We chose to stay in Sete (extreme lower left) for a couple of days simply because one of us thought that, if we’re so freakin’ close to the Mediterranean, then we should at least spend some time there. So we are.
From Sete, we head northwest to Toulouse for the night (we booked this totally cool castle turret in the middle of town on Air B&B only to have this unceremoniously cancelled on us without explanation a couple of weeks later). We still haven’t booked a replacement; since the stop in Toulouse is just to break up a 7-hour drive from Sete, France, to San Sebastian, Spain, and because there don’t appear to be any particularly charming places to lock in (other than our ill-fated castle turret), we’ll just deal with this when we’re over there.
From Toulouse, we’ll drive the same distance as the day before, but to the southwest, to San Sebastian, just over the border in the Basque region of Spain. We’ll spend 4 days there – the center of gravity of the world’s gastronomic dining scene, where there’s higher density of Michelin-starred restaurants than anywhere else on Earth. There’s also pintxo, which holds an equal appeal for us.

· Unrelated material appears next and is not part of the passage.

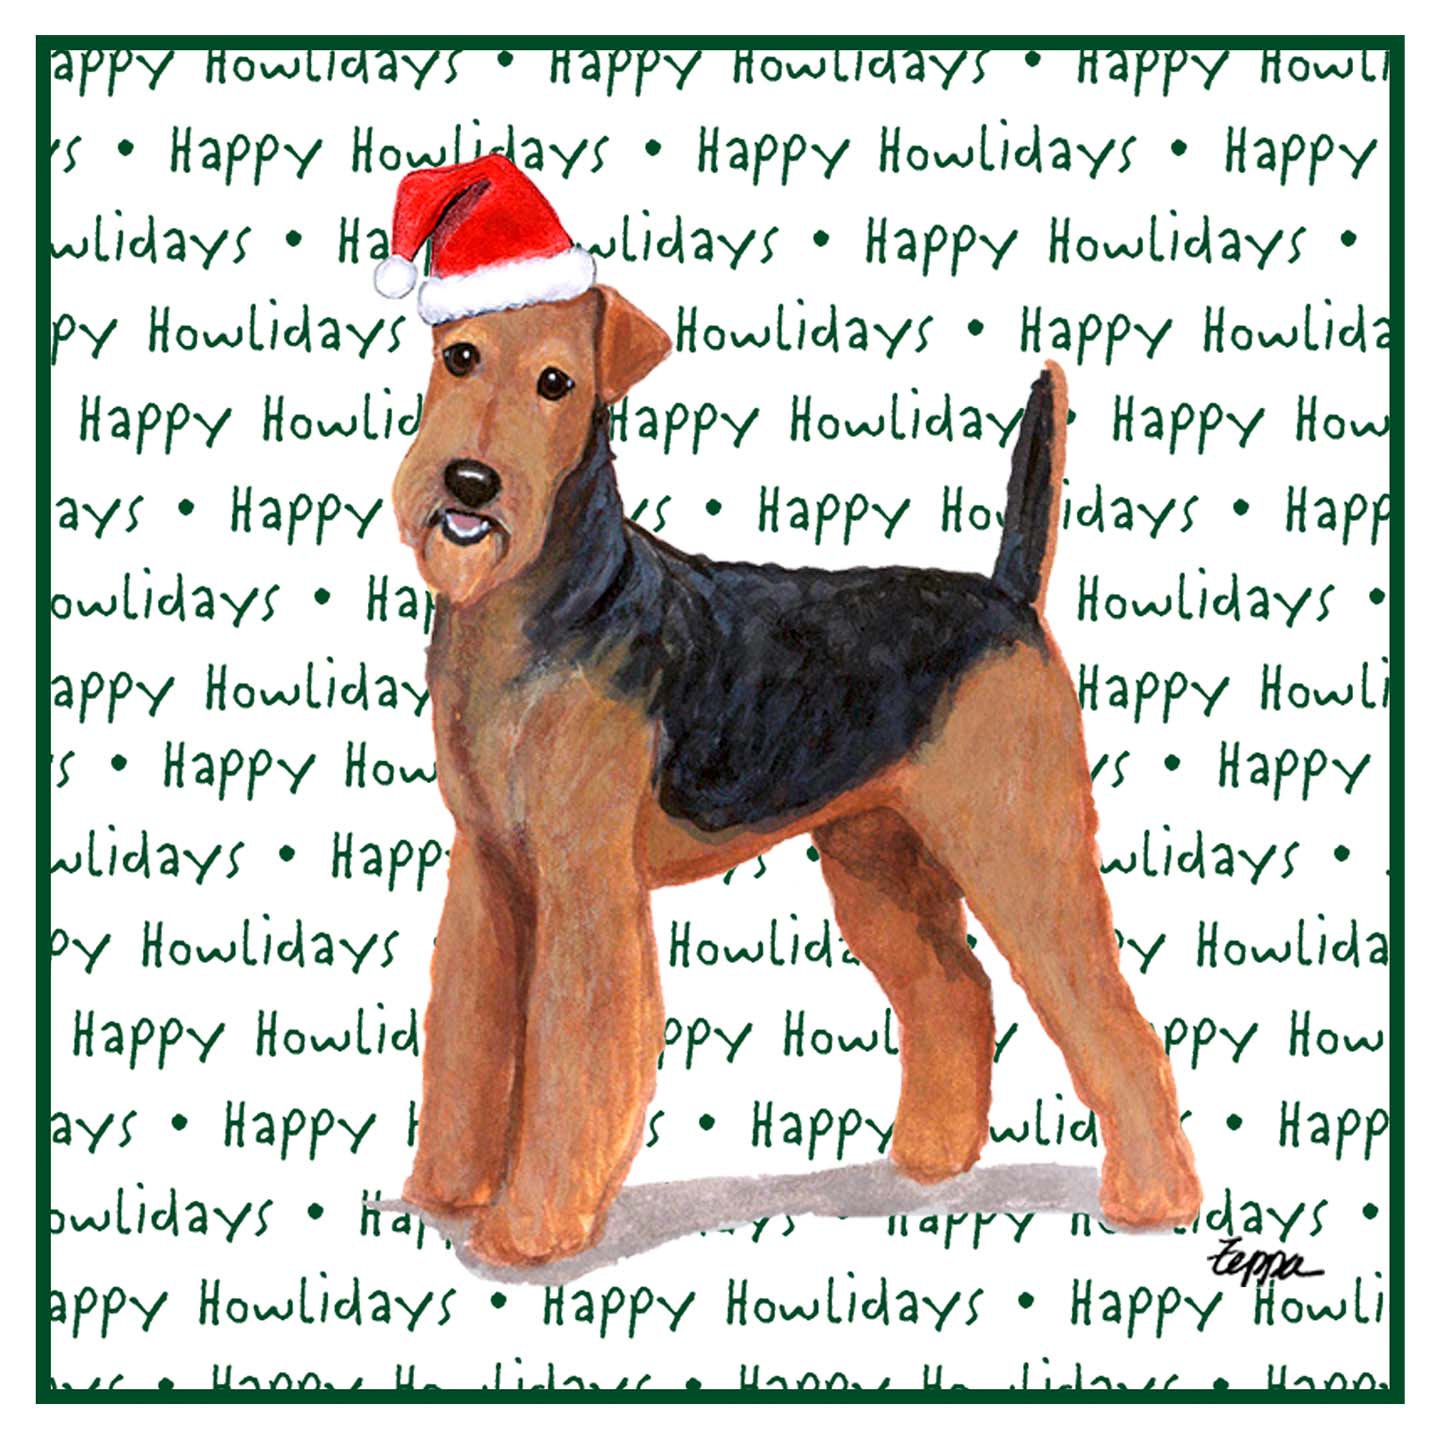 Airedale Terrier Happy Howlidays Text - Women's V-Neck T-Shirt

An interactive version of the full itinerary-planning map is here:
To get back home, we’ll have to find another COVID testing station in Spain to secure the required negative test results to reenter the US. We assume that won’t be a problem, but then, there’s this recent article in the New York Times: “Blindsided Abroad: Vaccinated but Testing Positive on a Trip to Europe,” with anecdotes of travelers in our situation having to quarantine due to a positive result from a test taken to get back to the US.
Definitely some risks, but definitely still worth it. We’re looking forward to busting out of here.